The lifetime risk of developing neurological disease is influenced by variety of factors: genetics, cardiovascular health, and of course, age and neuroscience research continues to uncover more subtle links.
Recent work elaborates on a long-suspected connection between that occasionally troublesome leftover, the appendix, and Parkinson’s disease risk, while other researchers have raised the possibility of the brain having its own microbiome, with implications for a bacterial influence on the risk and course of neurological disease.
Alzheimer’s disease (AD) and Parkinson’s disease (PD) are characterised by the accumulation of mis-folded proteins in the brain: amyloid β and tau proteins in the case of AD, and α-synuclein in PD, where it is the main constituent of “Lewy bodies”- clumps of aggregated protein found within neurons and a hallmark of PD and other dementias. Mutations within the α-synuclein gene are found in familial PD and efforts are ongoing to determine the normal function of α-synuclein and whether preventing its aggregation or accumulation in the brain might be of benefit.
PD causes both motor and non-motor symptoms and gut-associated problems such as constipation and impaired emptying of the stomach are common years before the onset of motor symptoms. That the aberrant form of α-synuclein can be found throughout the gastrointestinal tract in individuals with PD has been known for several years, although this also the case in those who don’t develop PD.
The highest levels of aberrant α-synuclein are found the appendix, raising the possibility that it serves as reservoir for dysfunctional protein which makes its way to the brain via the vagus nerve and potentiates the transformation of normal α-synuclein into the aggregated form.

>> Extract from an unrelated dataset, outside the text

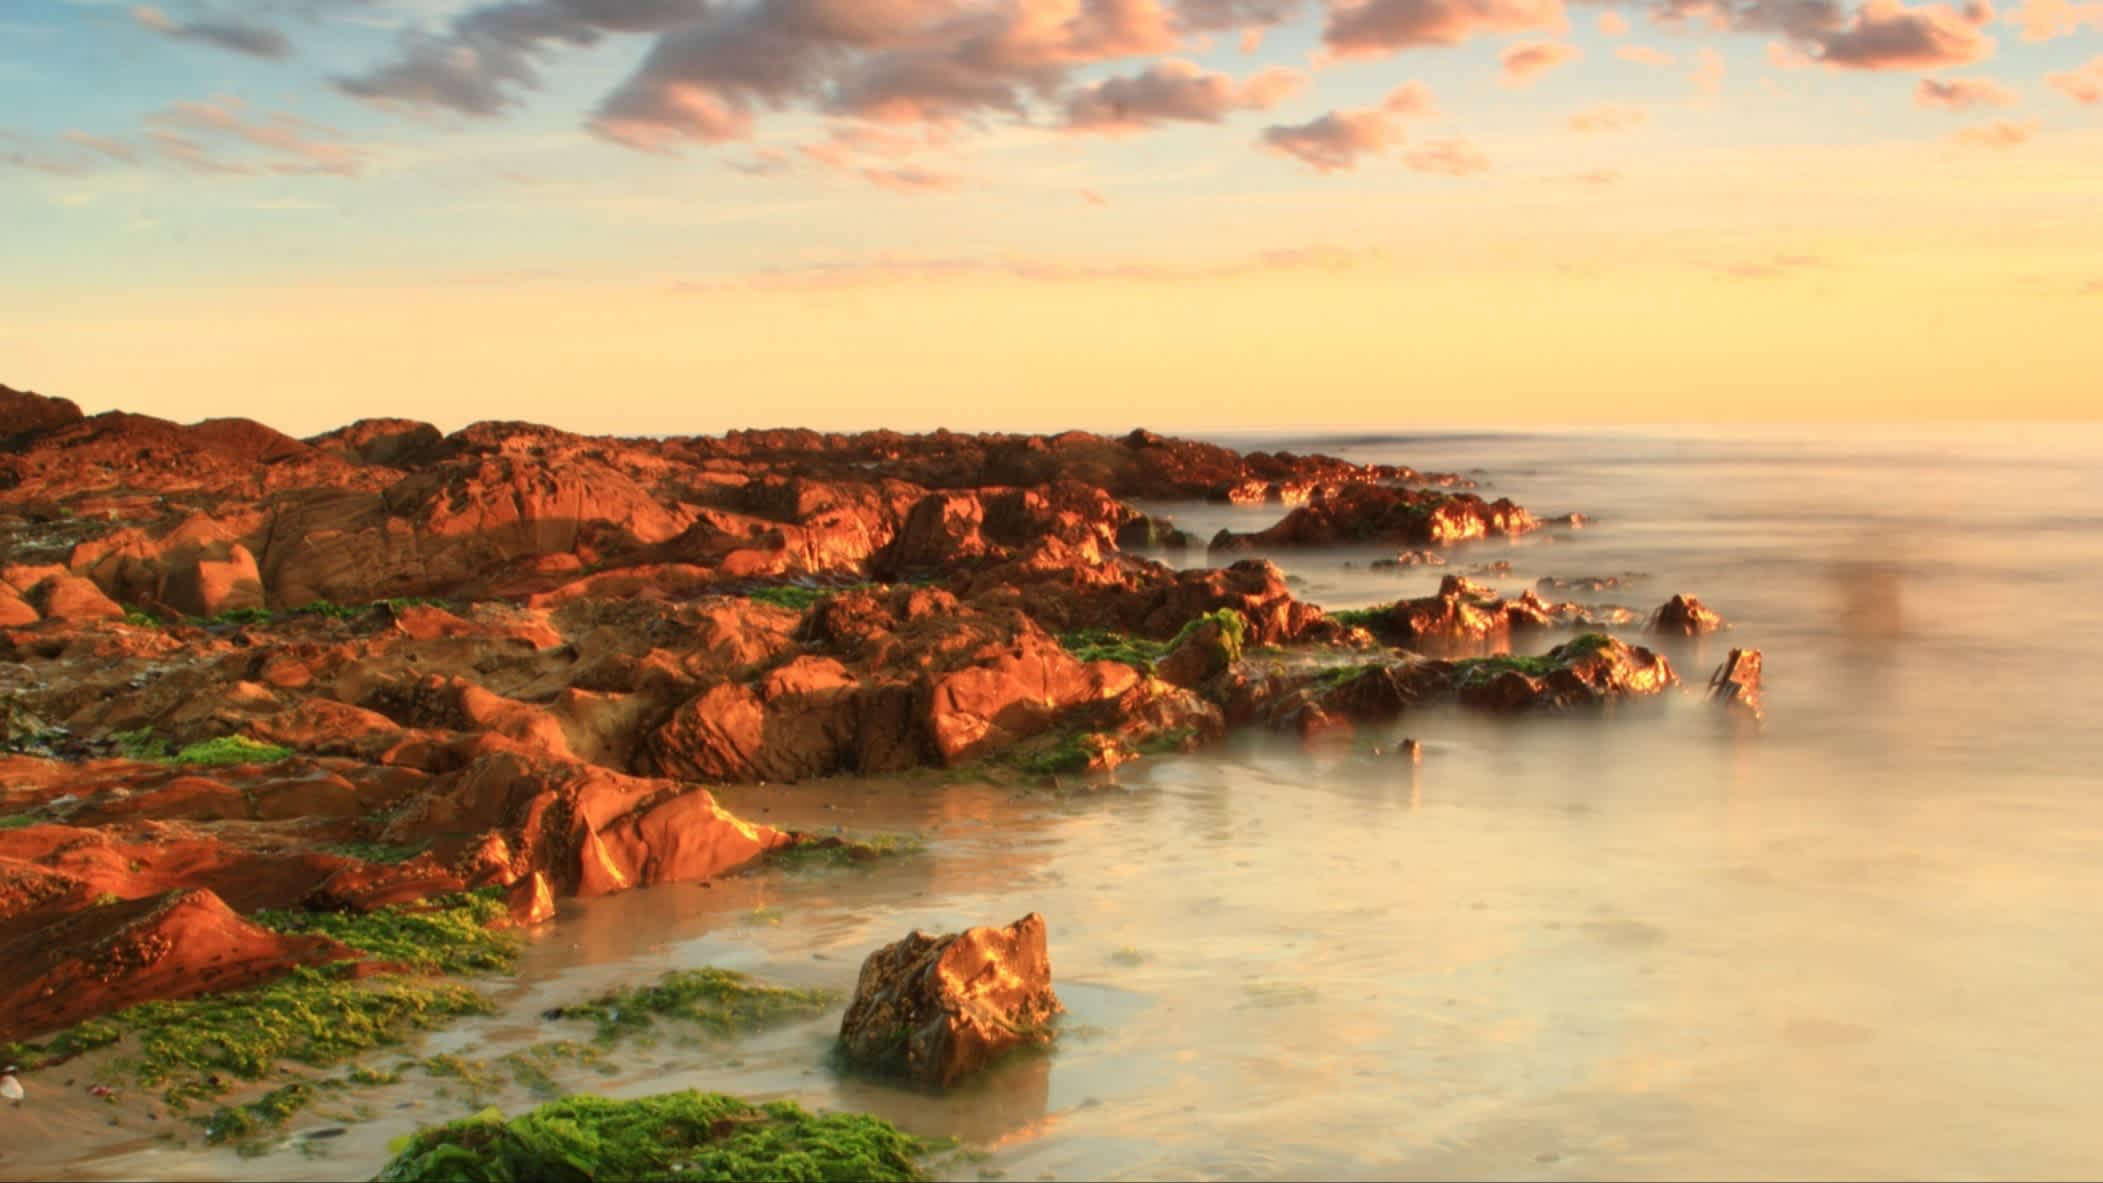 Rochers dans l'eau au coucher du soleil, sur la plage de Los Botes, La Paloma, Uruguay

Circumstantial evidence for a link between the appendix and PD risk has been found in a large epidemiological study, with individuals who had undergone surgical severing of the vagus nerve (usually to manage hard to treat chronic duodenal ulcers) being at lower risk of developing PD.
Defining the role of the appendix in PD has proved elusive, and three recent epidemiological studies failed to find any obvious link. By analysing medical records from over 1.6m Swedes from 1964, a research group at the Van Andel Institute has established that appendectomy reduces the risk of developing PD by around 20%, although this protective effect was only apparent in individuals living in rural areas. Pesticide and herbicide exposure are linked with a higher risk of PD and appendectomy may in some way mitigate environment-related PD risk. Further analysis indicated that appendectomy delayed the onset of PD by an average of more than three and a half years in those who had undergone appendix removal 30 years or more before.

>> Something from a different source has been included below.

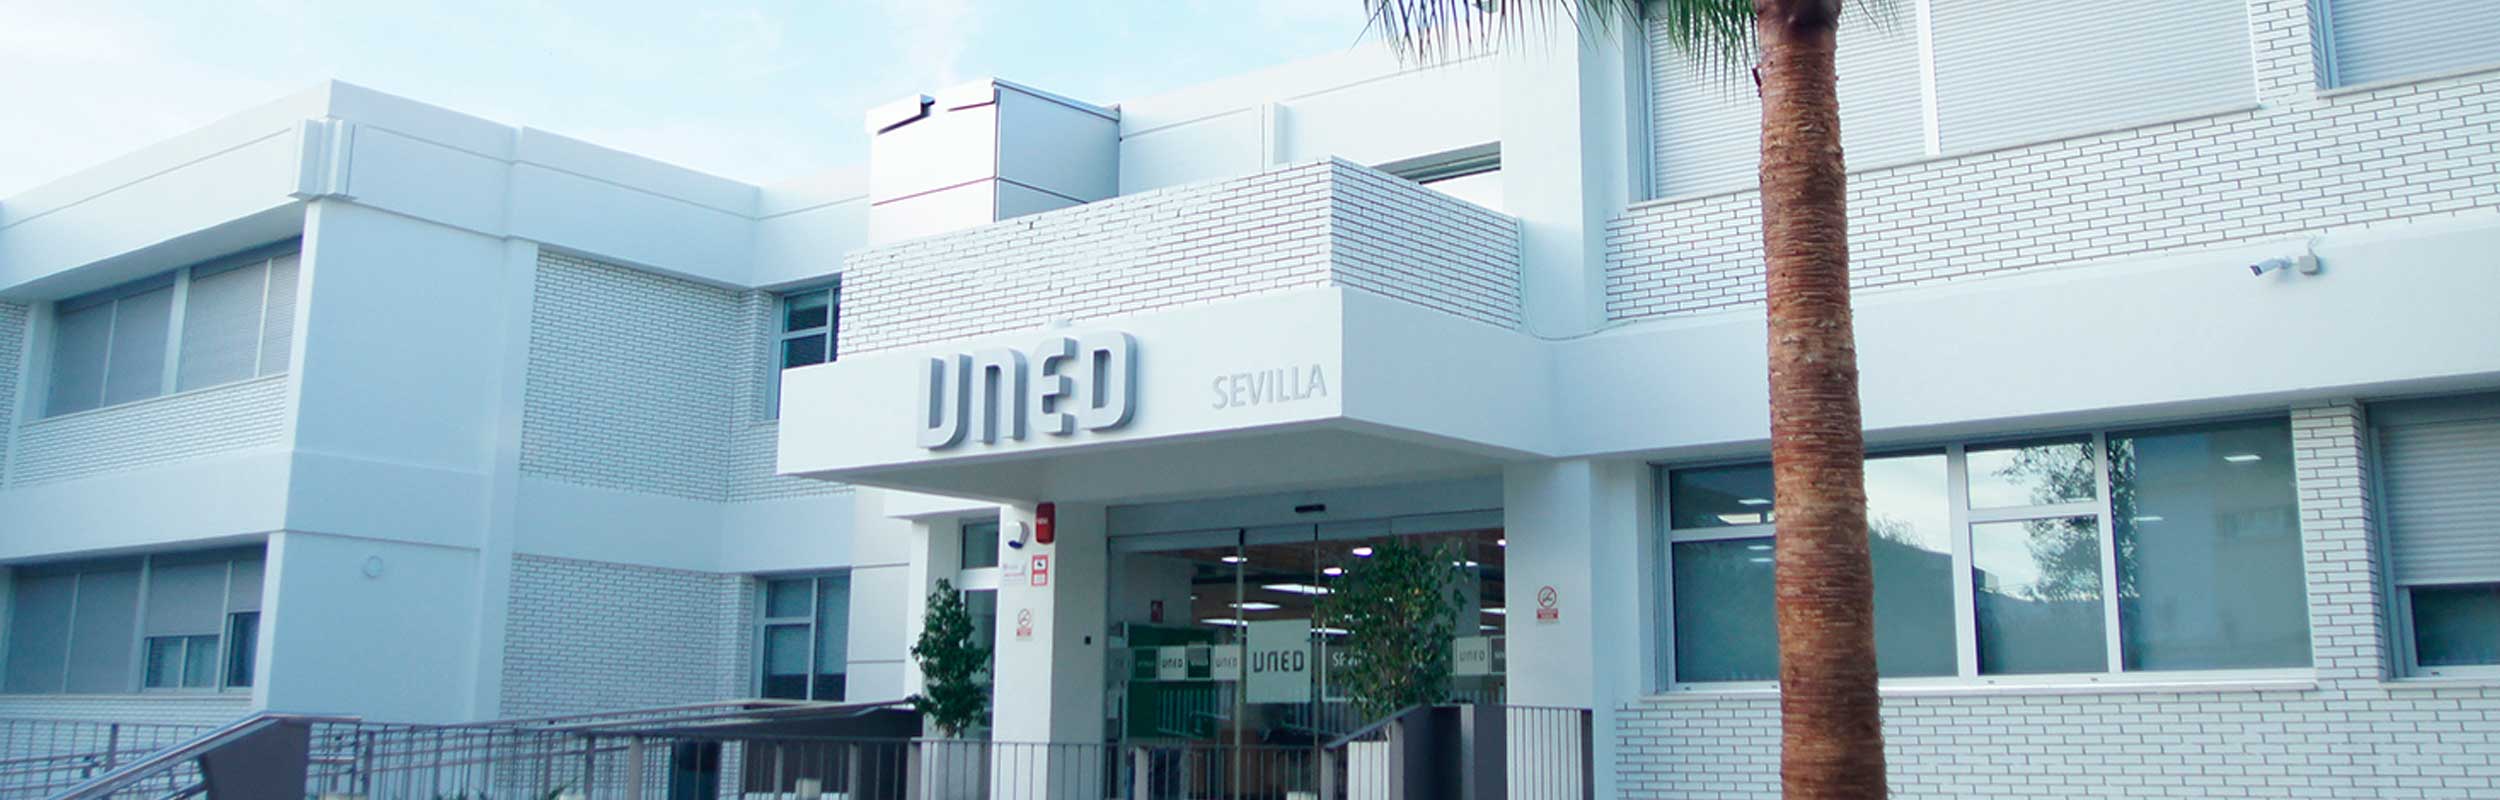 Centro Asociado de Sevilla en la UNED

Biochemical analysis of appendix samples from healthy individuals and those with PD identified aberrant forms of α-synuclein. These were present in 46 of 48 normal individuals. Mixing normal appendix tissue with normal α-synuclein resulted in the protein being broken down into forms resembling those found in PD brain samples.
Although far from being a recommendation for elective appendectomy, the finding that aberrant α-synuclein is common in healthy people suggests that PD risk requires its migration to the brain. Finding ways of confining, or even eliminating, the protein from the appendix could conceivably reduce PD risk.
It’s postulated that appendix might play a role in monitoring and restoring the gut microbiome and that inflammation results in changes which favour bacteria which generate “pro-PD” metabolites. That the gut flora might directly influence the neurological environment is not as far-fetched as it once would have seemed although a poster presentation given at the Society for Neuroscience annual meeting suggests the possibility that a local, rather than distant, microbiome might potentially influence conditions in the brain.
University of Alabama researchers have found that rod-shaped structures first observed on electron microscopic examination of brain samples from schizophrenics are, in fact, bacteria. These were most abundant in the substantia nigra, hippocampus and prefrontal cortex but rarer in the striatum. Bacteria were also found within brain cells, particularly in the ends of astrocytes closest to the blood-brain barrier locations, in dendrites, glial cells and in and around myelinated axons.
To rule out sample contamination, the group compared fresh brain samples from mice raised in a normal environment and those born and maintained in a germ-free environment: bacteria were only found in the former. Nucleic acid sequencing indicated that most of the bacteria belonged to groups commonly found in the gut, although their means of passage to the brain- whether from blood, the nose or through the nervous system.
Since bacteria were found in the brains of both normal individuals and those with schizophrenia, there’s no obvious causal relationship, but, as the study of gut, oral and skin microbiomes has shown, bacterial nutrients and metabolites can cause subtle but important changes in cell and organ function. Whether the presence of bacteria in the brain truly indicates a permanent ecosystem and not merely a post-mortem artefact remains to be established. But, as with the appendix and PD, confirmation that the brain is indeed influenced by local (or distant) bacteria may help better define neurological disease risk and uncover new means of treatment and prevention.